From here, I would like to repeat the sub-pattern that captures the group and matches the following characters, i.e.([a-zA-Z0=9]*),*\s*. When I surround this sub-pattern with a non-capturing group and repeat it:

import\s+(?:([a-zA-Z0=9]*),*\s*)*

It no longer captures the group inside.

Bryce93
  • 451
  • 7
  • 11
  • If you want that functionality use PyPi regex module. – Wiktor Stribiżew Sep 09 '16 at 17:36
  • 1
    The issue is not in capturing groups and non-capturing groups, the issue is trying to get an _unset_ amount of variables for further use, using `*` for capturing groups will hardly ever yield the results you're looking for . This is not something regex is generally used for.
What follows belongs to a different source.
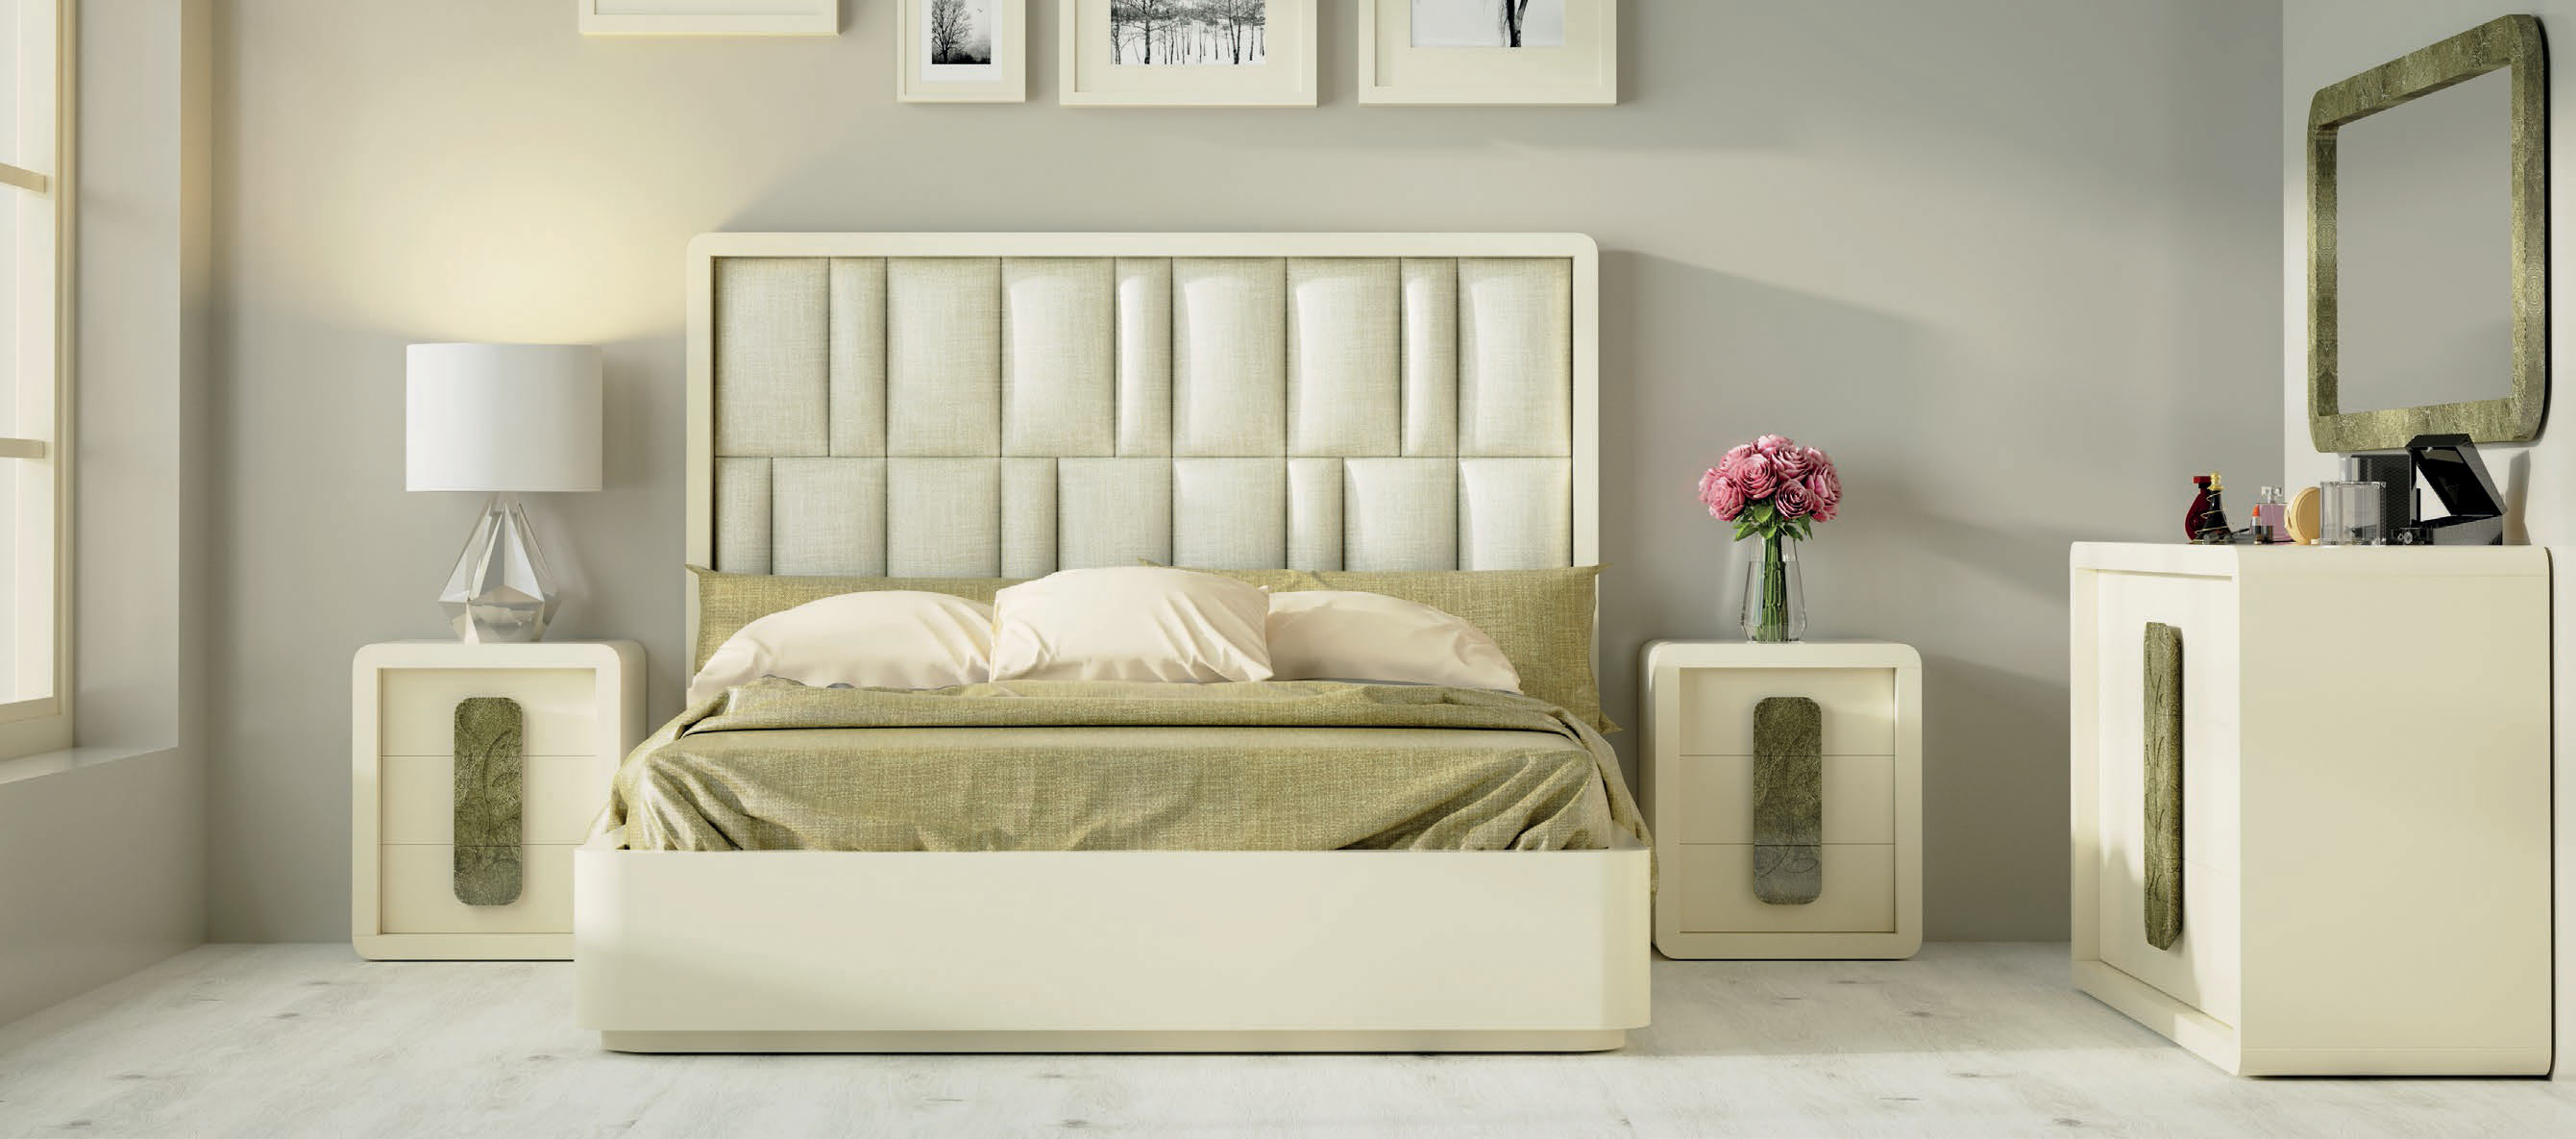 Brands Franco Furniture Avanty Bedrooms, Spain DOR 169

Instead the rational thing would be to get the whole import package set and then split the string by `,\s*(?=\w)` or something like that. – Andris Leduskrasts Sep 09 '16 at 17:56
  • Does this answer your question? [How can I repeat a capturing group one or more time and extract matches](/a/33843279/90527) – outis Sep 01 '22 at 08:48

3 Answers3

1

Your question is phrased strictly about regex, but if you're willing to use a recursive descent parser (e.g., pyparsing), many things that require expertise in regex, become very simple.

E.g., here what you're asking becomes

from pyparsing import *

p = Suppress(Literal('import')) + commaSeparatedList

>>> p.parseString('import pandas, os, sys').asList()
['pandas', 'os', 'sys']

>>> p.parseString('import                    pandas,             os').asList()
['pandas', 'os']

It might be a matter of personal taste, but to me,

Suppress(Literal('import')) + commaSeparatedList

is also more intuitive than a regex.

Ami Tavory
  • 74,578
  • 11
  • 141
  • 185
0

A repeated capturing group will only capture the last iteration. This is why you need to restructure your regex to work with re.findall.

\s*
(?:
  (?:^from\s+
    (  # Base (from (base) import ...)
      (?:[a-zA-Z_][a-zA-Z_0-9]*  # Variable name
        (?:\.[a-zA-Z_][a-zA-Z_0-9]*)*  # Attribute (.attr)
      )
    )\s+import\s+
  )
|
  (?:^import\s|,)\s*
)
(  # Name of imported module (import (this))
  (?:[a-zA-Z_][a-zA-Z_0-9]*  # Variable name
    (?:\.[a-zA-Z_][a-zA-Z_0-9]*)*  # Attribute (.attr)
  )
)
(?:
  \s+as\s+
  (  # Variable module is imported into (import foo as bar)
    (?:[a-zA-Z_][a-zA-Z_0-9]*  # Variable name
      (?:\.[a-zA-Z_][a-zA-Z_0-9]*)*  # Attribute (.attr)
    )
  )
)?
\s*
(?=,|$)  # Ensure there is another thing being imported or it is the end of string

Try it on regex101.com

Capture group 0 will be the Base, capture group 1 will be (What you're after) the name of the imported module, and capture group 2 will be the variable the module is in (from (group 0) import (group 1) as (group 2))

import re

regex = r"\s*(?:(?:^from\s+((?:[a-zA-Z_][a-zA-Z_0-9]*(?:\.[a-zA-Z_][a-zA-Z_0-9]*)*))\s+import\s+)|(?:^import\s|,)\s*)((?:[a-zA-Z_][a-zA-Z_0-9]*(?:\.[a-zA-Z_][a-zA-Z_0-9]*)*))(?:\s+as\s+((?:[a-zA-Z_][a-zA-Z_0-9]*(?:\.[a-zA-Z_][a-zA-Z_0-9]*)*)))?\s*(?=,|$)"

print(re.findall(regex, "import pandas, os, sys"))
[('', 'pandas', ''), ('', 'os', ''), ('', 'sys', '')]

You can remove the other two capturing groups if you don't care for them.

Artyer
  • 31,034
  • 3
  • 47
  • 75
0

You can use your import\s+(?:([a-zA-Z0-9=]+),*\s*)* regex (I just fixed the 0-9 range to match any digit and included = to the end) and access the Group 1 capture stack using PyPi regex module:

>>> import regex
>>> s = 'import pandas, os, sys'
>>> rx = regex.compile(r'^import\s+(?:([a-zA-Z0-9=]+),*\s*)*$')
>>> print([x.captures(1) for x in rx.finditer(s)])
[['pandas', 'os', 'sys']]
Wiktor Stribiżew
  • 607,720
  • 39
  • 448
  • 563